MolPrinter does not print smiles string correctly using samp

User 76d45de7d2

08-07-2008 20:09:01

I changed the smiles string in the sample code to this:


OC1C(O)C(O)C(O[P](O)(=O)OCC(COC([H])=O)OC([C3H7])=O)C(O)C1O





It can be correctly displayed in PubMed (http://pubchem.ncbi.nlm.nih.gov/edit/index.html), but cannot be displayed properly using MolPrinter. See the attahcment for my screen shot.





Any one can help me with this?





import chemaxon.marvin.MolPrinter;


import chemaxon.struc.Molecule;


import chemaxon.formats.MolImporter;


import java.awt.Color;


import java.awt.Rectangle;


import java.awt.Graphics2D;


import java.awt.image.BufferedImage;


import java.io.File;


import java.io.IOException;


import javax.imageio.ImageIO;





public class MolPrinterTest {


static BufferedImage createTestImage() throws IOException {


// Create a molecule


Molecule mol = MolImporter.importMol("CN1C=NC2=C1C(=O)N(C)C(=O)N2C");


// Create a writable image


BufferedImage im = new BufferedImage(400, 400,


BufferedImage.TYPE_INT_ARGB);


Graphics2D g = im.createGraphics();


// Clear background


g.setColor(Color.white);


g.fillRect(0, 0, im.getWidth(), im.getHeight());


// Draw the bounding rectangle


g.setColor(Color.red);


Rectangle r = new Rectangle(20, 20, 360, 200);


g.draw(r);


// Paint the molecule


MolPrinter p = new MolPrinter(mol);


p.setScale(p.maxScale(r)); // fit image in the rectangle


p.paint(g, r);


return im;


}


public static void main(String[] args) throws Exception {


BufferedImage im = createTestImage();


ImageIO.write(im, "png", new File("test.png"));


}


}


ChemAxon 25dcd765a3

09-07-2008 05:50:21

Hi,





This is not a valid smiles string:


OC1C(O)C(O)C(O[P](O)(=O)OCC(COC([H])=O)OC([C3H7])=O)C(O)C1O


The problem is with this "atom":


[C3H7]


which is not accepted according to the smiles specification.

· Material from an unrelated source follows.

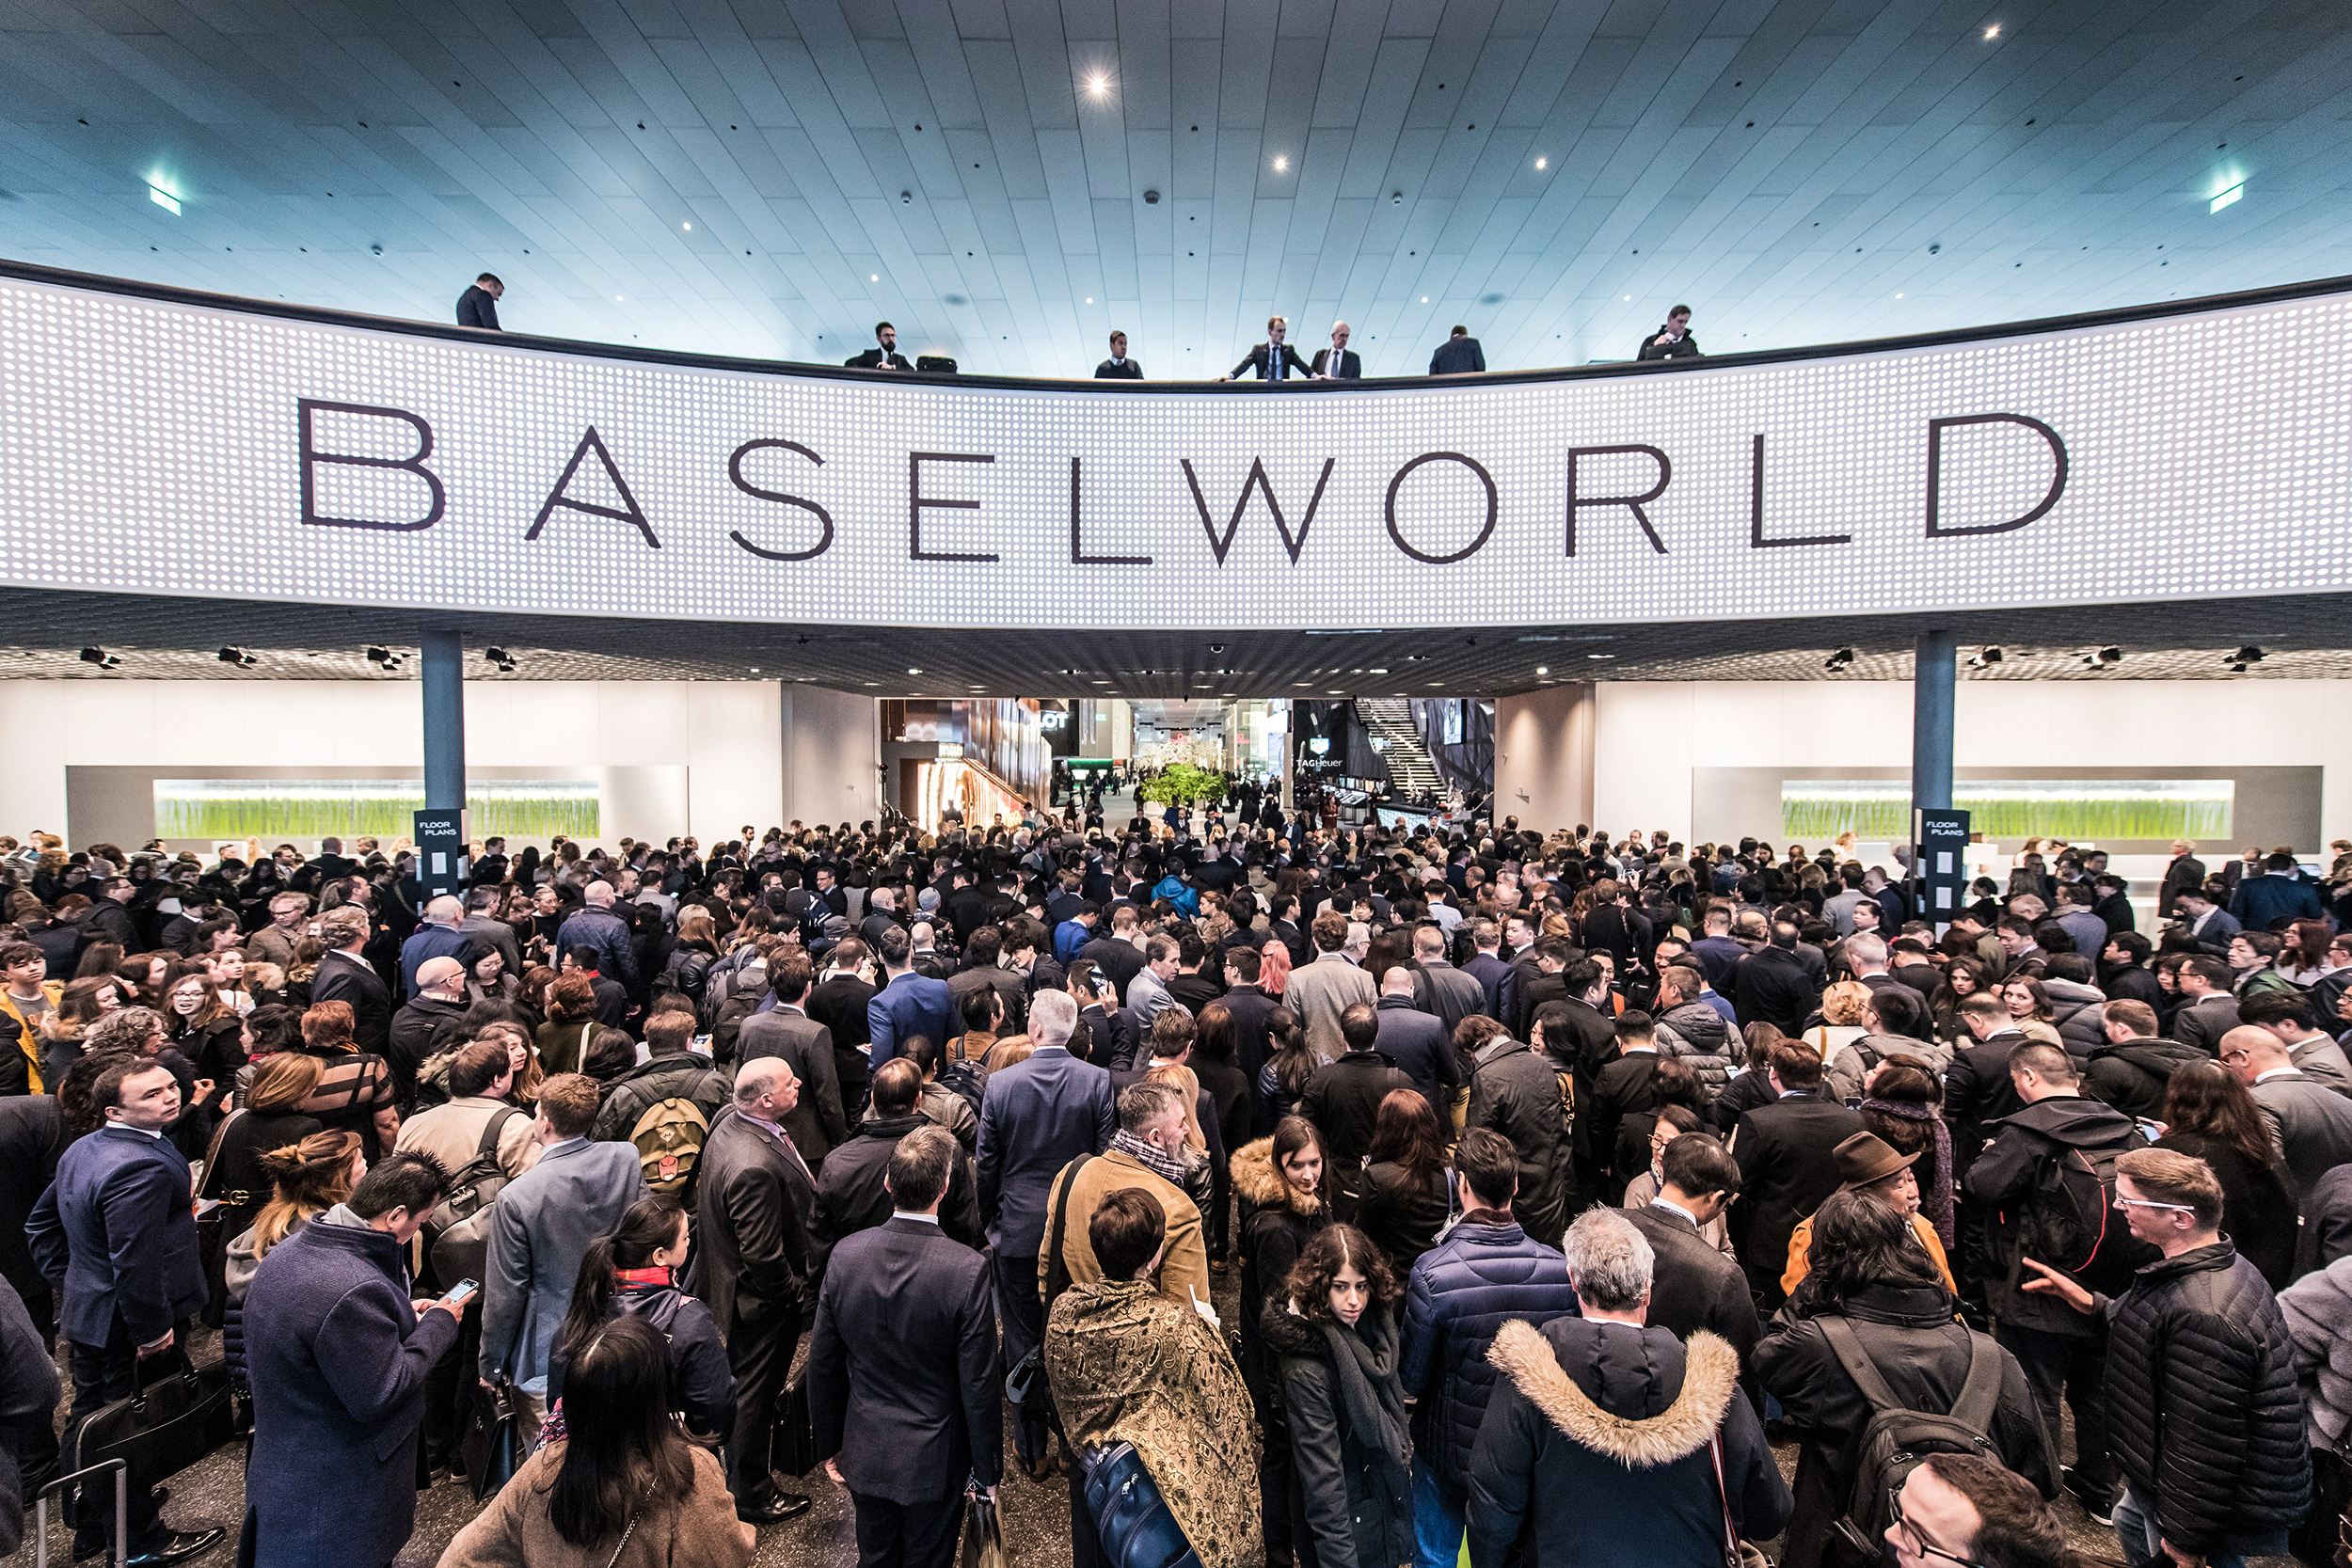 A Brief History of Baselworld – WristReview.com – Featuring Watch Reviews

You may reformulate this [C3H7] to CCC


so your original smiles would look like:


OC1C(O)C(O)C(O[P](O)(=O)OCC(COC([H])=O)OC(CCC)=O)C(O)C1O


which is correctly imported.





Andras

ChemAxon 25dcd765a3

09-07-2008 06:00:05

Hi,


I have checked that PubChem accepts anything in square brackets.


So not just C[C3H7] is accepted which would have chemical meaning, but also C[LetsGo] which is surely not a valid smiles string.





Andras

User 76d45de7d2

09-07-2008 15:45:39

volfi wrote:
Hi,


I have checked that PubChem accepts anything in square brackets.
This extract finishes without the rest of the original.